You are on page 1of 2

The Afro-American Musical Legacy to 1800

Geoffrey Dean

Robert Stevenson, The Afro-American Musical Legacy to 1800, The Musical Legacy 54,
no. 4 (1968): 475-502.
-Pre 1900 and Negro Music focus often solely on united states.
-Chinese and Arabic have reference to them early as 724
-Subsaharan blacks were with Balboa in the pacific, Cortes, and other explorers. 1590s
-------Lima had 12,000 blacks and 2,000 white Spaniards.
-From mid 1700s to 1800s Significant representations in Uruguay, Chile, and Seven African
societies in Buenos Aires 1827
-In 1795 some of these chiefs wanted to welcome Viceroy Pedro de Portugal y Villena with
authentic and regional dances and dance music of the Congo region.
-Early explorers saw vast variety in sub-Saharan music.
-Senegal, Lower Congo, Angola, the Cape, and Mozambique differentiated based on
region.
-Venetian explorer Alvise Da Mosto denounced their instruments- tanbache (big drums) and
two string plucked instrument.
-Other Portugese explorers enjoyed the drums, ivory trumpets, and fiddles which played in
tune with eachother in a funeral for a congo member of the royal house.
-Relatione del Reame di Congo was the first full fledged description of Congo music, and
first translated into English. As reported by Duarte Lopes
-One example was a bell that depending on the note played would convey certain
messages regarding danger in war time situations.
-There were harp like instruments, flutes, and pipes
-Vasco da Gamas men were met by a group of men (Hottentots) who welcomed them with
flutes several hundred miles east of the cape of good hope.
-By 1497 Castanheda reports that they had obviously past monody into harmony.
-By 1586 the marimba had become a common and popular instrument in southeast africa.
-In 1580 they were documented having 18 keys in the Zimbabwe court. Then spread to
Angola and Congo and to the New World by 1680
-Giovanni Cavazzi (1621-1680) found the nsambi (guitar strung with palm fiber) and npugu
(ivory trumpets) painful, and the Angola and Congo dances to be morally reprehensible.
-The Portugese allowed themselves to incorporate these negro elements.
-Abundant impact of Negros on Spanish 16th-17th century literature, sculpture, painting,
music, etc...Black saint Negro Benedict of Palermo.
-17th century spanish theatre was abound in poetry imitating Negro speech. Three
villancicos from Gongora illustrate this.
-Sor Junana Ines de la Cruz also include negro characters in some of her eight villancicocycles.
-By 1698 the Calenda was one of the most popular dances in the Americas.
-Phillipe Rogier and Gery de Gershem were the primary composers at this time in Spain.
-Especially danced on Christmas eve to celebrate the saviors birth.

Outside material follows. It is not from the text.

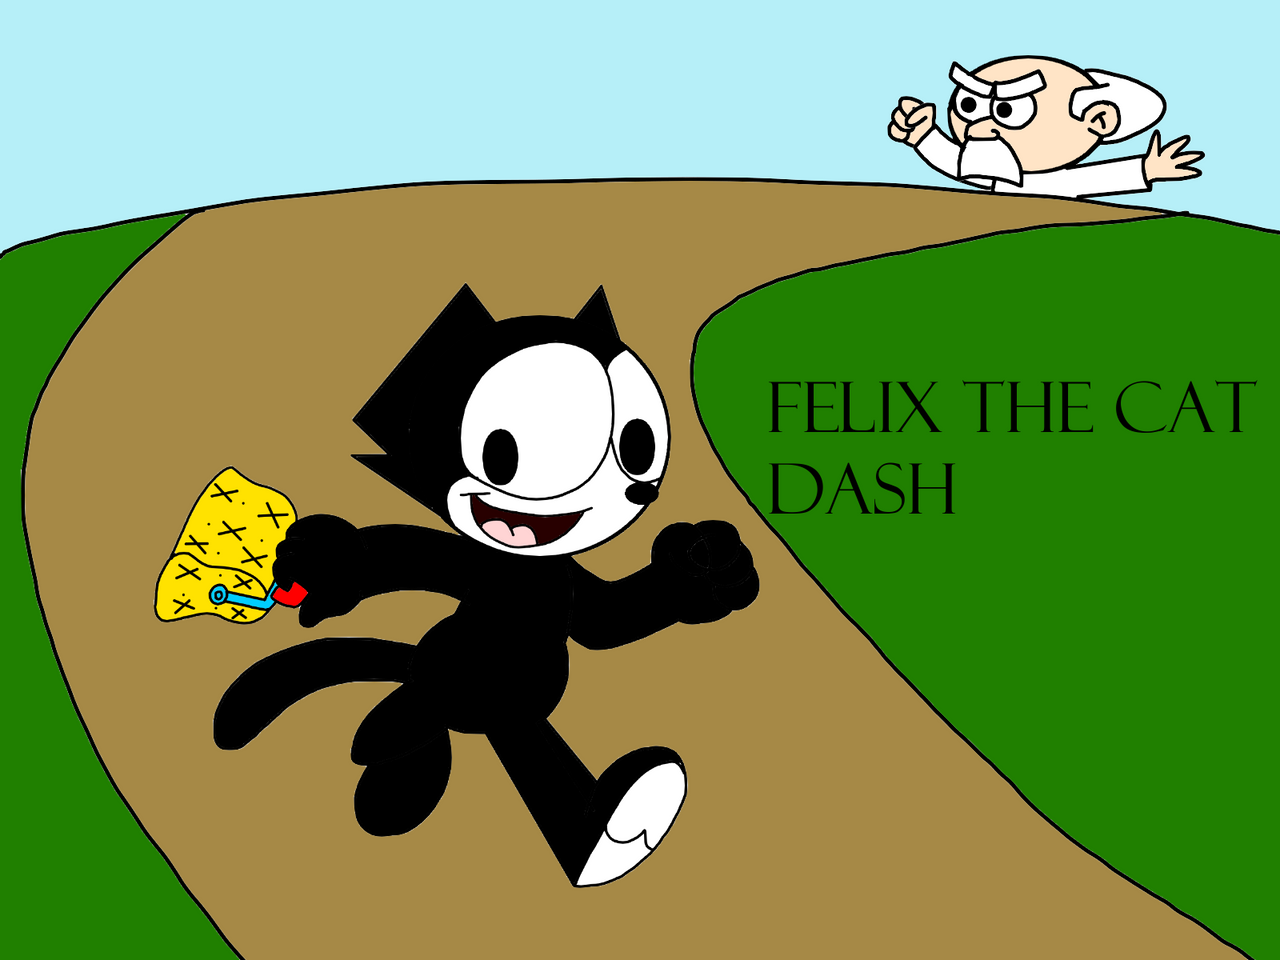 Felix the Cat Dash

-Portugese composer/choirmaster Gaspar Fernandes traveled widely and in 1599 settled in
Guatemala.

-Characteristics of writing include 6/8 with constant hemiola shifts in 3/4- F is almost uniform
key. United States Negro Spirituals avoid triple meter and hemiola.

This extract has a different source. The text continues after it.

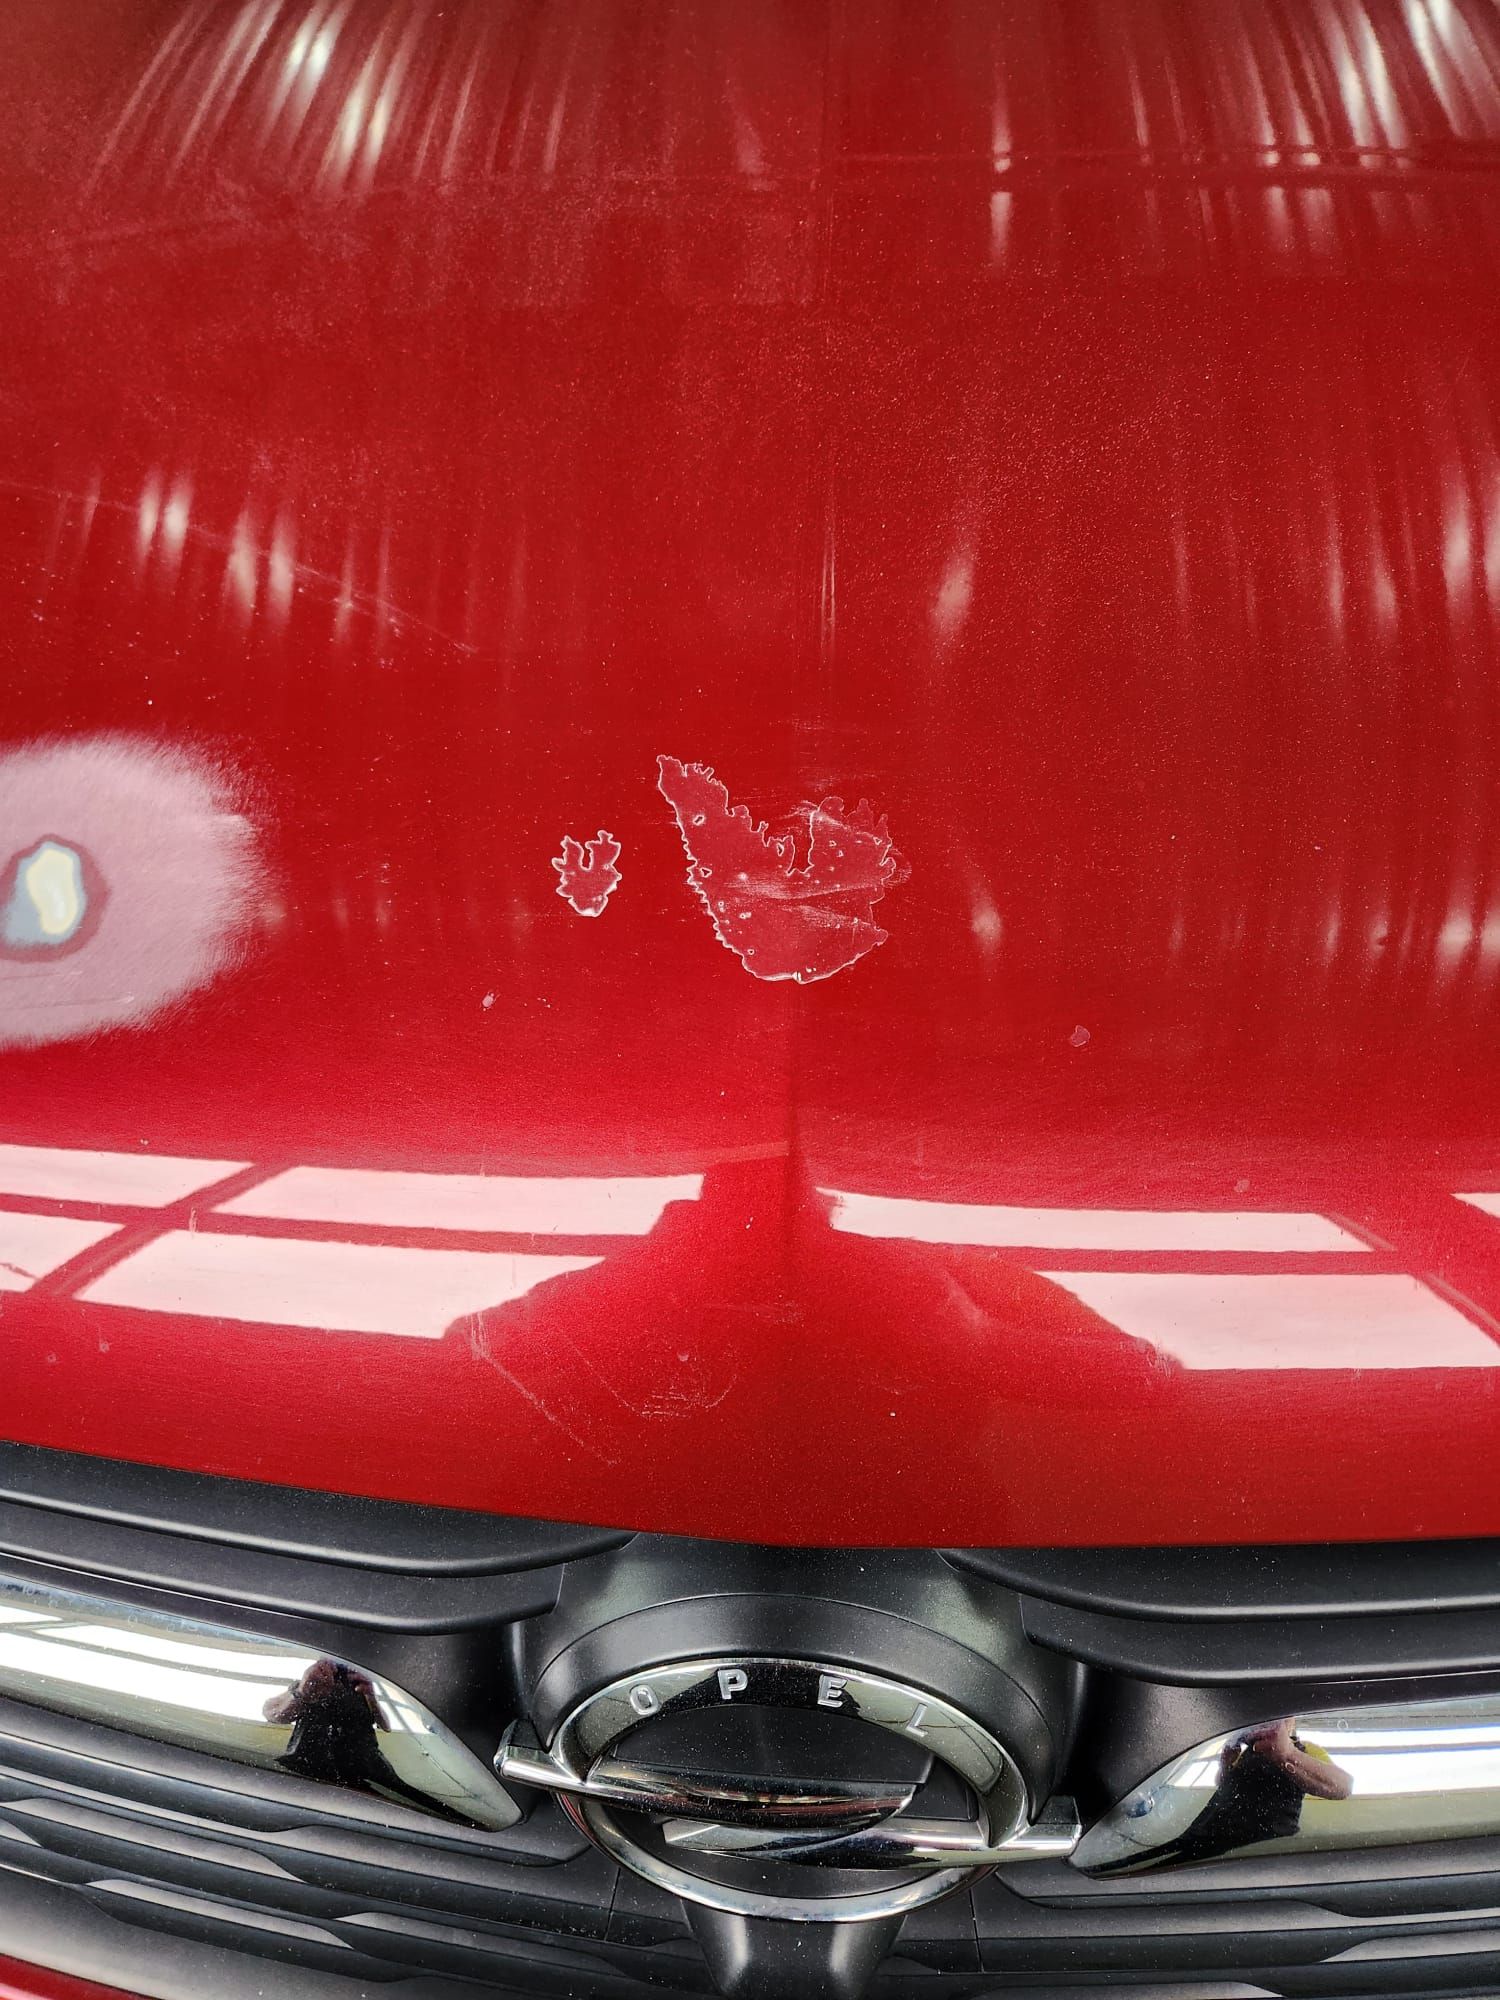 Een close-up van de motorkap met schade van een rode auto

-Gomes Eannes de Azuzara refers to the first negro visitors to European soil singing songs
longing for their homeland.
-Gabriel Salvadar reported a prevalence of negro dance in supposedly Cuban province in
Puebla before 1670.
-Hans Sloane discussed the instruments and customs of his 1688 visit- Small gourds with
necks and strings of horse hair served as imitation lutes.

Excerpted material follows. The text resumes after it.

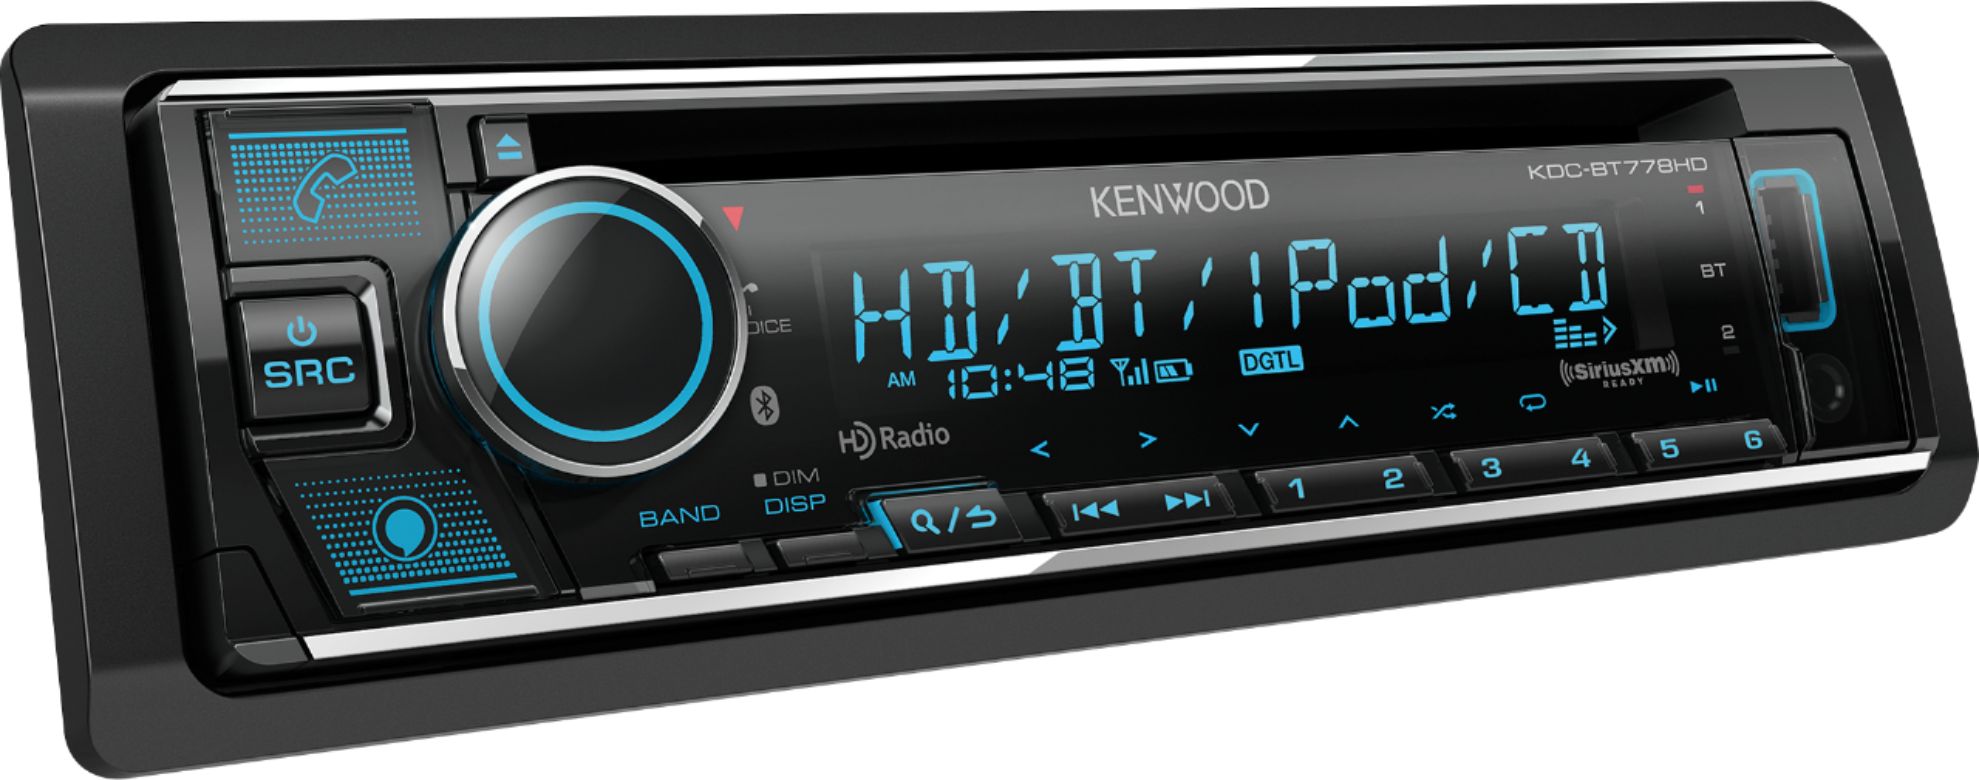 Best Buy: Kenwood In-Dash CD/DM Receiver Built-in Bluetooth

-In Lima 1551 African drummers were prevalent. Dancing in the street was so popular they
would become impassable so they were confined to certain plazas.
-Negro songs made it into a volume of songs from Peru in 1794. In this song
instrumentalists play a marimba while others dance to it.
-Around 1572 in Mexico, Negroes would gather around the famous Aztec calendar stone
and sing, play, and dance every Sunday afternoon.
-Lucas Olola led a ritual that mixed Aztec teponzatlis with African bambalos.
-By 1746 in Guadlajara Negroes would make the rounds at taverns to offer musical
-comedies at night no longer pretending to be doing sacred oratorios.
In 1693 blacks in Boston were meeting Sundays to sing a psalm.